◆ ASSIGNMENT:
This exercise calls for retyping every line below exactly, with the images omitted.

◆ INFORMATION PROVIDED:
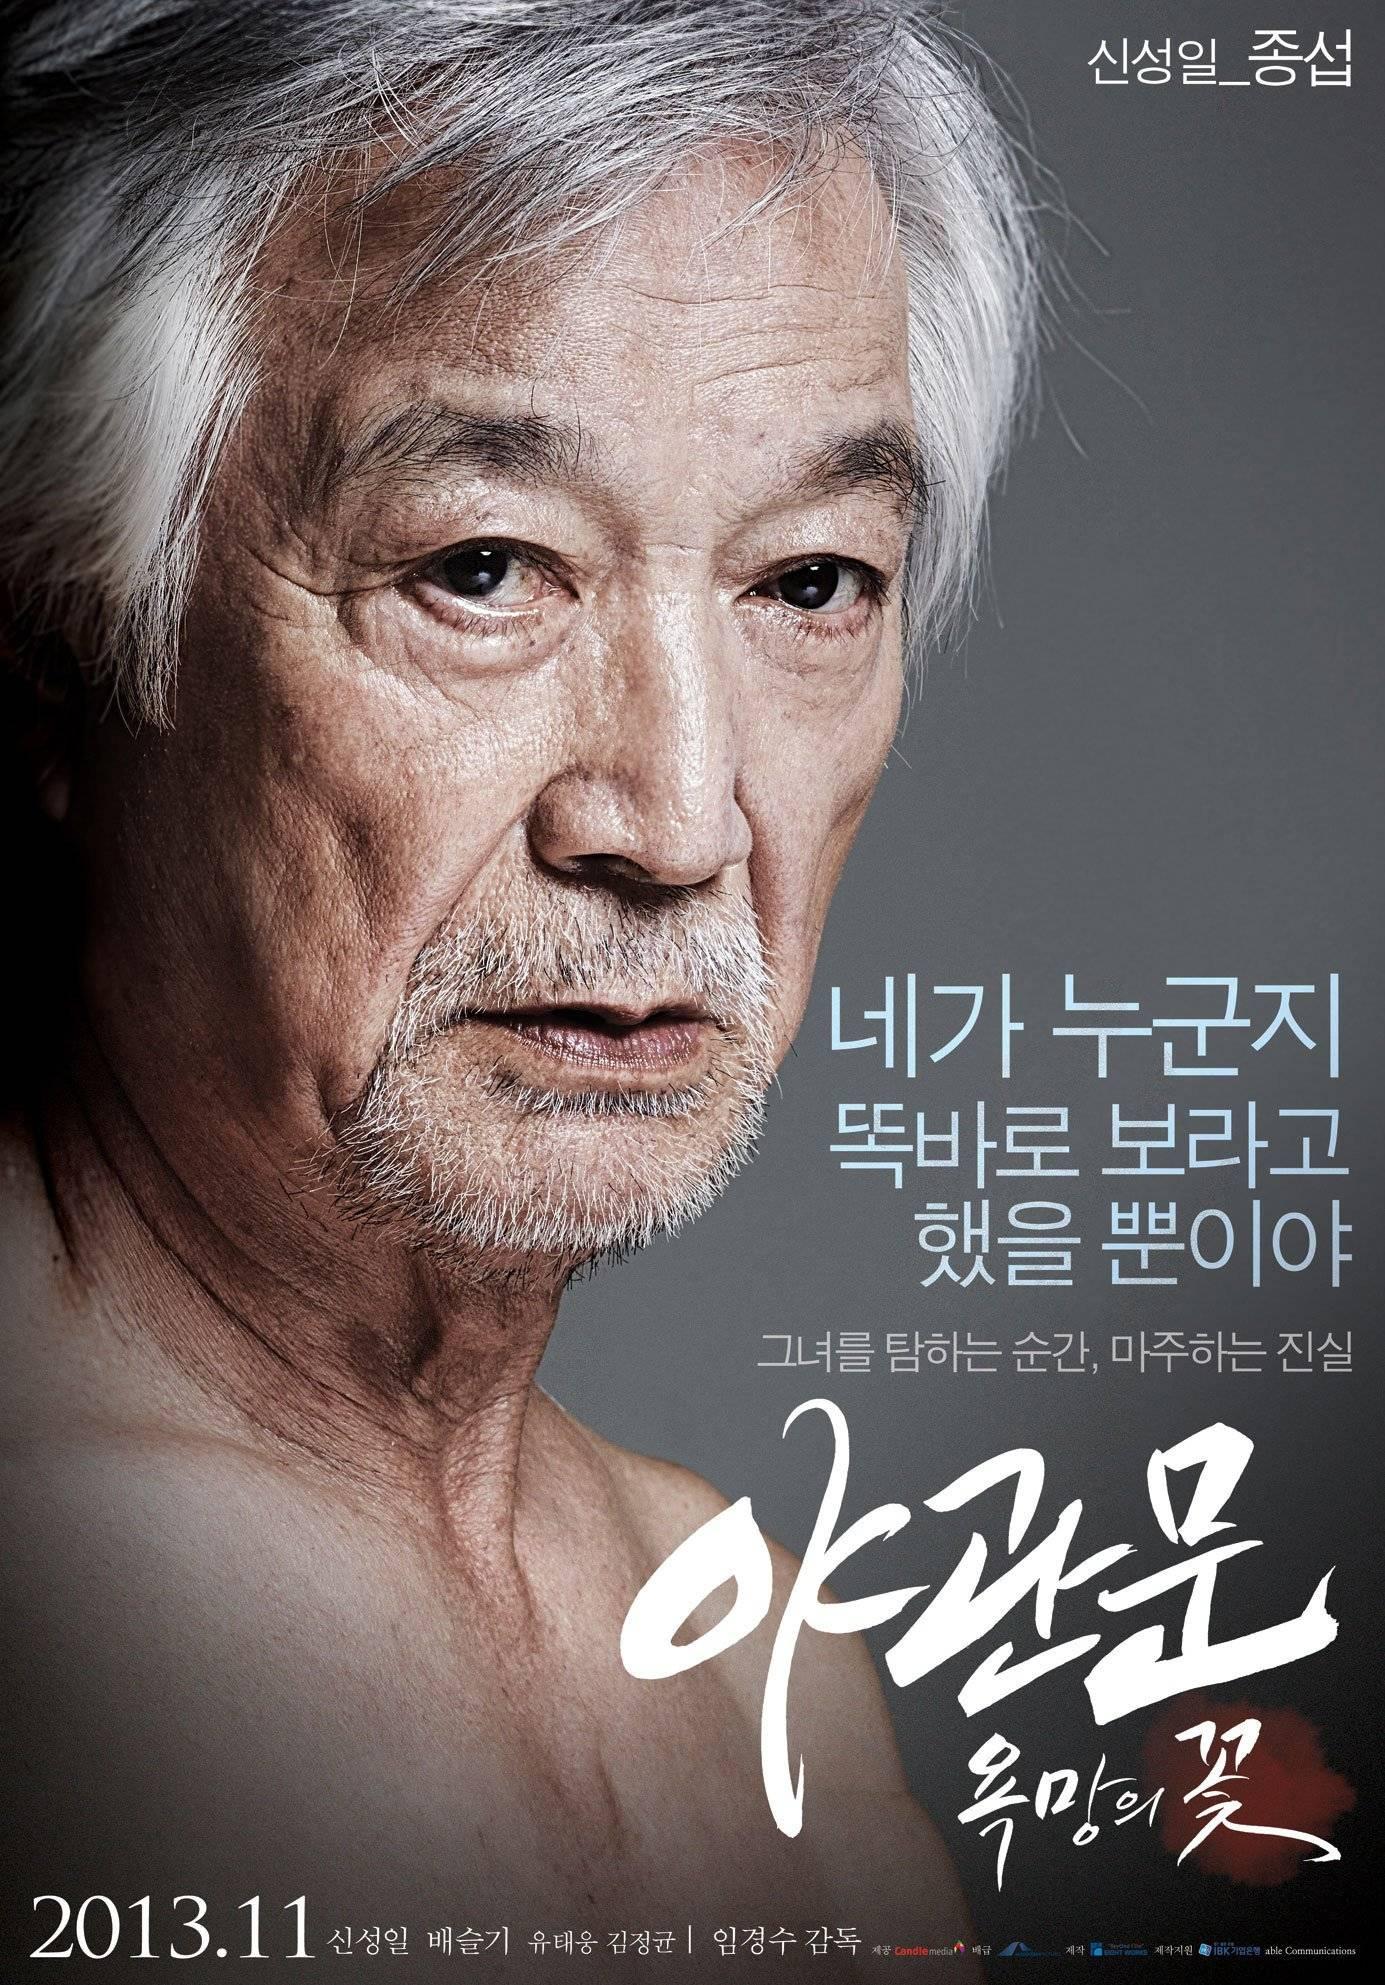 Korean Movie 야관문 욕망의 꽃 Door To The Night, 2013 예고편 Trailer - YouTube
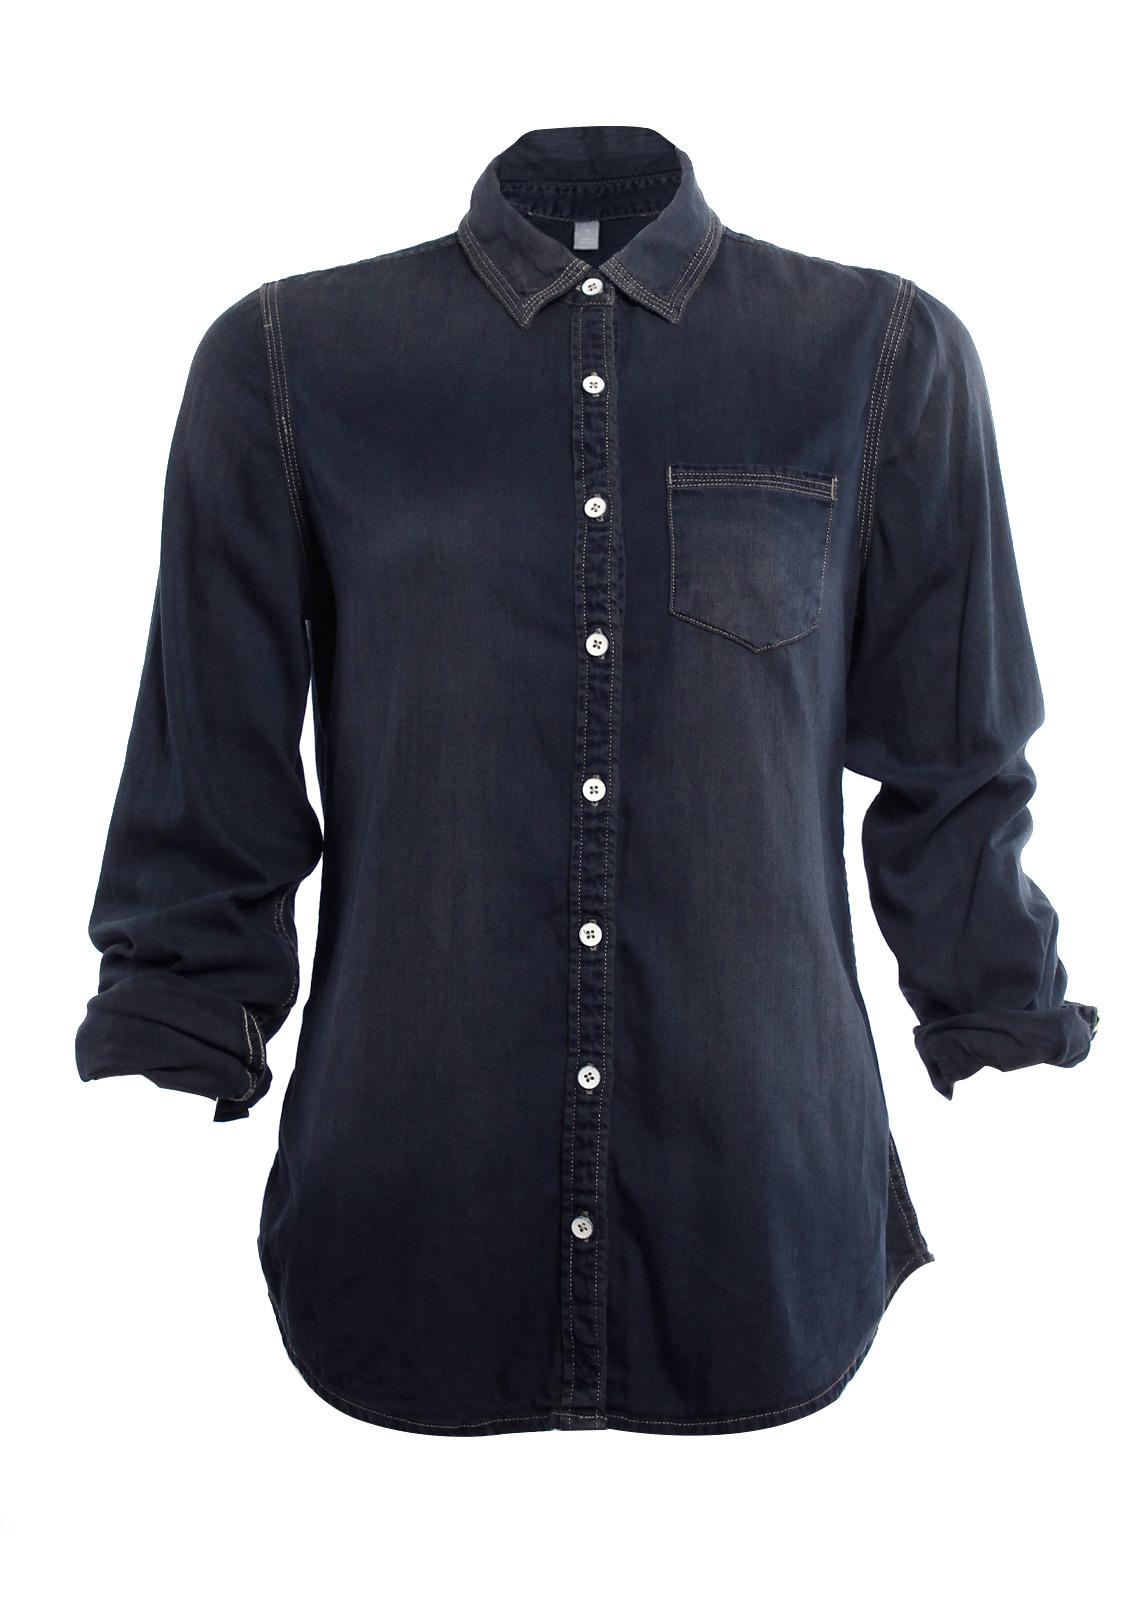 Womens Fitted Long Sleeve Denim Shirt Top Button Down
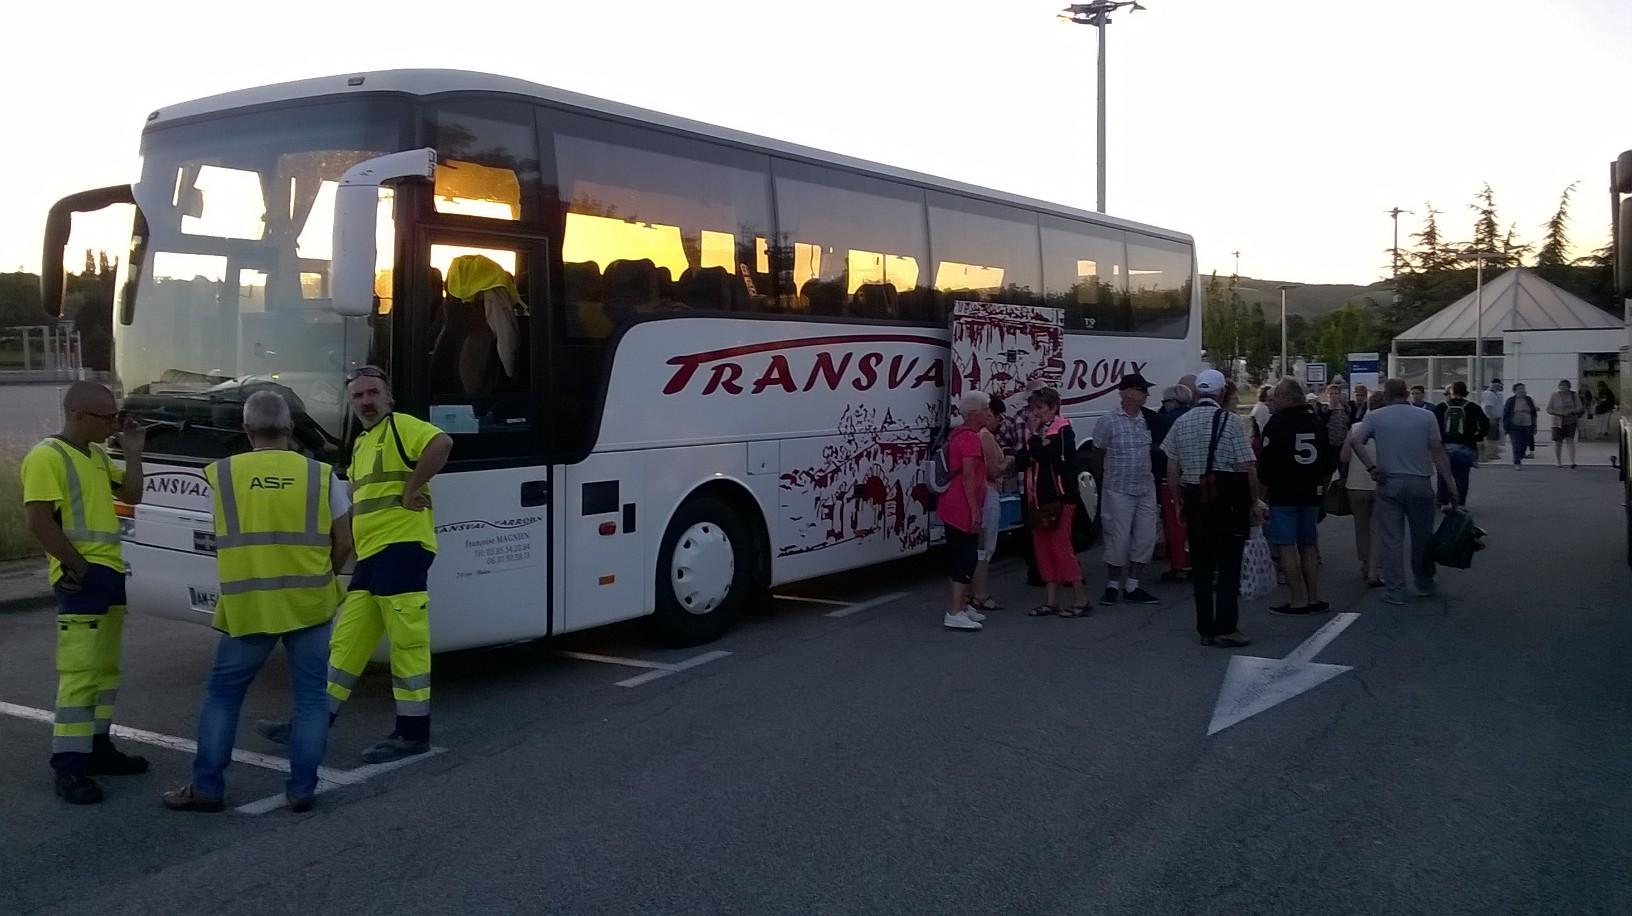 Voyage 2017 bus retour n 19
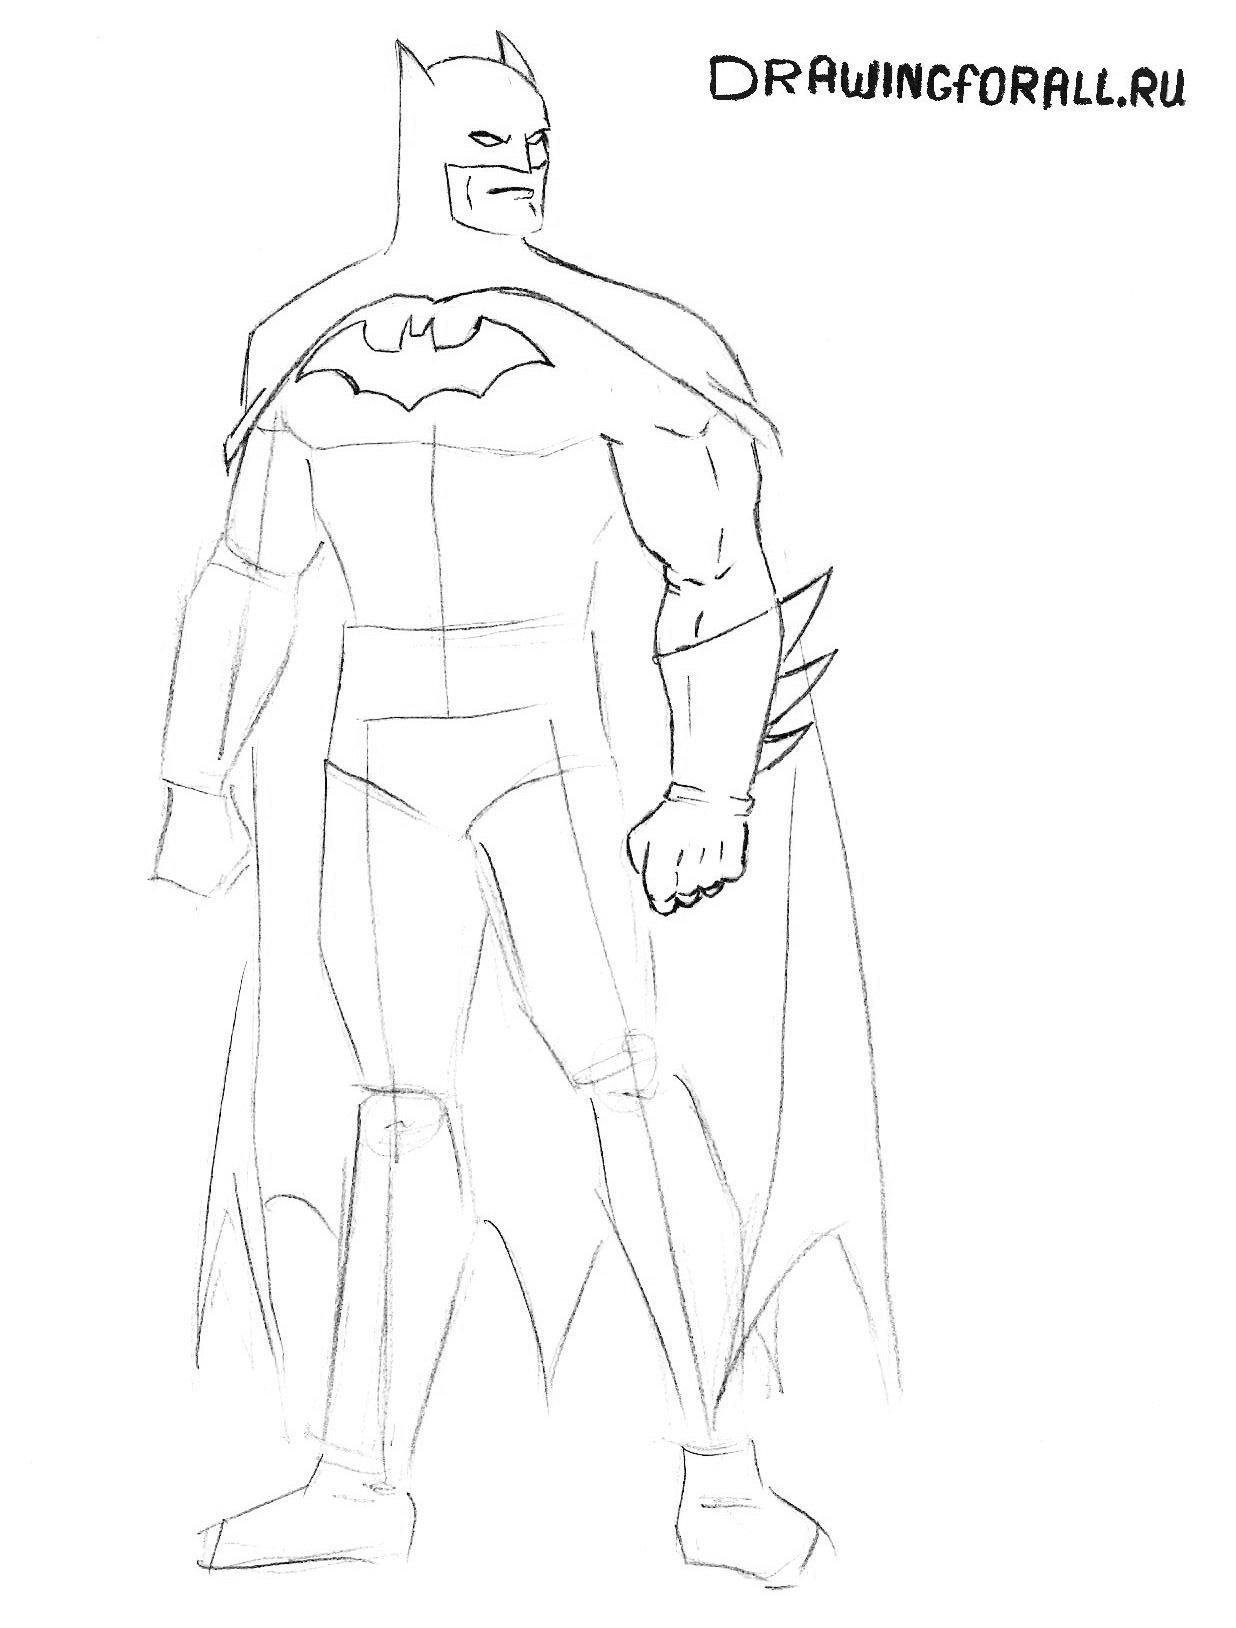 как нарисовать бэтмена карандашом поэтапно

◆ ANSWER SECTION:
 Korean Movie 야관문 욕망의 꽃 Door To The Night, 2013 예고편 Trailer - YouTube
 Womens Fitted Long Sleeve Denim Shirt Top Button Down
 Voyage 2017 bus retour n 19
 как нарисовать бэтмена карандашом поэтапно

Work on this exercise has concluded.